Suppressive effect of cadmium on high potassium-induced hyperpolarization in snail neurons.

Some molluscan ganglion cells were hyperpolarized by an excess of external K, contrary to expectations by the Nernst equation. The membrane resistance of the cells was markedly decreased with the hyperpolarization. This phenomenon was considered to represent a result of the summated IPSP's elicited by the presynaptic inhibitory fibers which were primarily depolarized by high K. We examined the effect of Cd in low pH saline on the membrane potential of snail ganglion cells in order to analyze this phenomenon further. Since Cd has been reported to block Ca channels, it might prevent neurotransmitter release from the presynaptic ending. In pH 8 control saline, the excess of K (22 mM) caused significant hyperpolarization and an evident decrease in membrane resistance, and these changes were not modified much after 1mM Cd addition. In pH 6.5 and 5 saline, the high K-induced hyperpolarization was markedly suppressed or even changed to depolarization by 1 mM Cd. The resistance change was also decreased in low pH Cd saline. Cadmium exerted a greater effect at rather higher concentrations. The results obtained suggest that the high K-induced hyperpolarization is due to the release of inhibitory neurotransmitter.

Hyperpolarization caused by external high potassium in snail neurons.

Two-thirds of the tested subesophageal ganglion cells of Japanese snail, Euhadra peliomphala, was hyperpolarized when they were perfused by high K-Ringer. This hyperpolarization was accompanied with a marked decrease in membrane resistance and was independent of cell types classified by ACh-induced response. Pentobarbital was found to convert high K-induced hyperpolarization into depolarization, or to augment K-depolarization. The high K-induced hyperpolarization was considered as the result of summated IPSP's elicited by the presynaptic inhibitory fibers which were primarily depolarized by high K. Pentobarbital may remove this synaptic inhibition and disclose the original K-depolarization underlying the cell. In Cl-free media, high K caused a marked depolarization instead of hyperpolarization, or augmented the depolarization observed in normal Ringer. This suggested that the subsynaptic membrane became permeable to Cl ions during the inhibitory presynaptic activity when high K was applied. ACh was found not to be responsible for this synaptic inhibition, because d-tubocurarine, which is known to block the Cl-dependent ACh response of the snail neurons, did not affect the high K-induced hyperpolarization. The possibility of indirect action of high K on the membrane potential through synaptically mediated inhibition was discussed as a cause of its hyperpolarizing effect.

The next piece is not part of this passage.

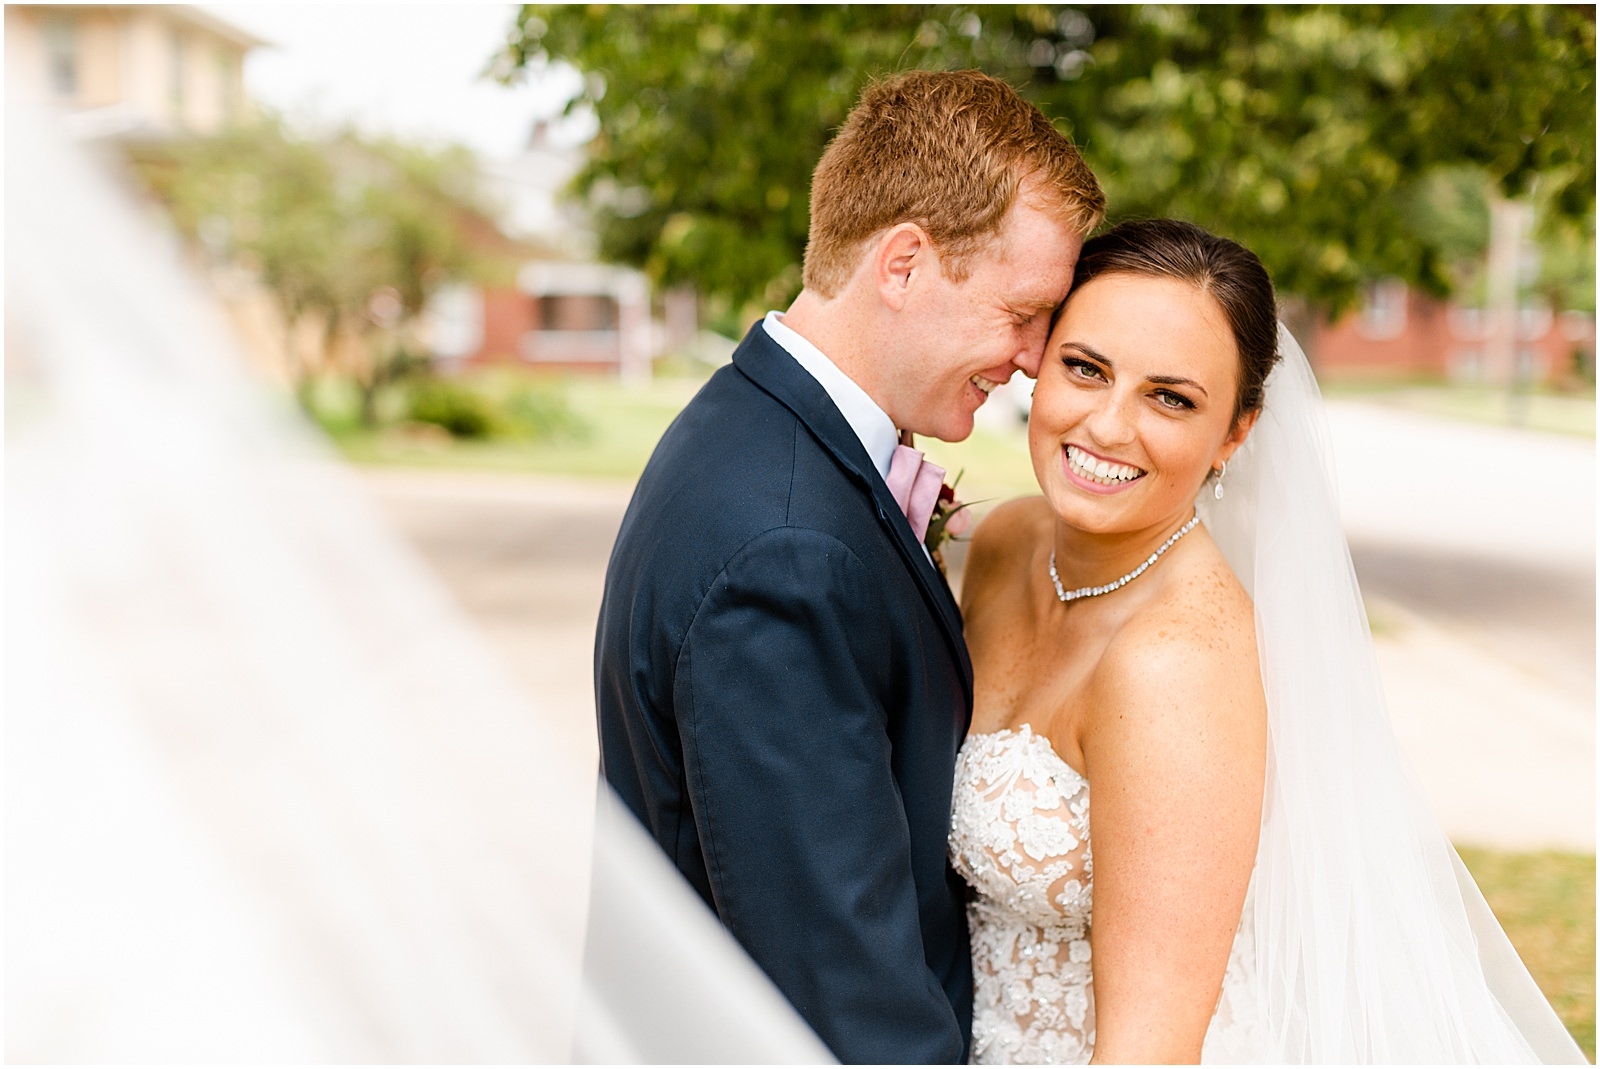 Deidra and Andrew | A Huntingburgh Indiana Wedding Bret and Brandie | Evansville Photographers | @bretandbrandie-0053.jpg

The ionic permeability changes during acetylcholine-induced responses of Aplysia ganglion cells.

ACh-induced depolarization (D response) in D cells markedly decreases as the external Na(+) is reduced. However, when Na(+) is completely replaced with Mg(++), the D response remains unchanged. When Na(+) is replaced with Tris(hydroxymethyl)aminomethane, the D response completely disappears, except for a slight decrease in membrane resistance. ACh-induced hyperpolarization (H response) in H cells is markedly depressed as the external Cl(-) is reduced. Frequently, the reversal of the H response; i.e., depolarization, is observed during perfusion with Cl(-)-free media. In cells which show both D and H responses superimposed, it was possible to separate these responses from each other by perfusing the cells with either Na(+)-free or Cl(-)-free Ringer's solution. High [K(+)](0) often caused a marked hyperpolarization in either D or H cells. This is due to the primary effect of high [K(+)](0) on the presynaptic inhibitory fibers. The removal of this inhibitory afferent interference by applying Nembutal readily disclosed the predicted K(+) depolarization. In perfusates containing normal [Na(+)](0), the effects of Ca(++) and Mg(++) on the activities of postsynaptic membrane were minimal, supporting the current theory that the effects of these ions on the synaptic transmission are mainly presynaptic. The possible mechanism of the hyperpolarization produced by simultaneous perfusion with both high [K(+)](0) and ACh in certain H cells is explained quantitatively under the assumption that ACh induces exclusively an increase in Cl(-) permeability of the H membrane.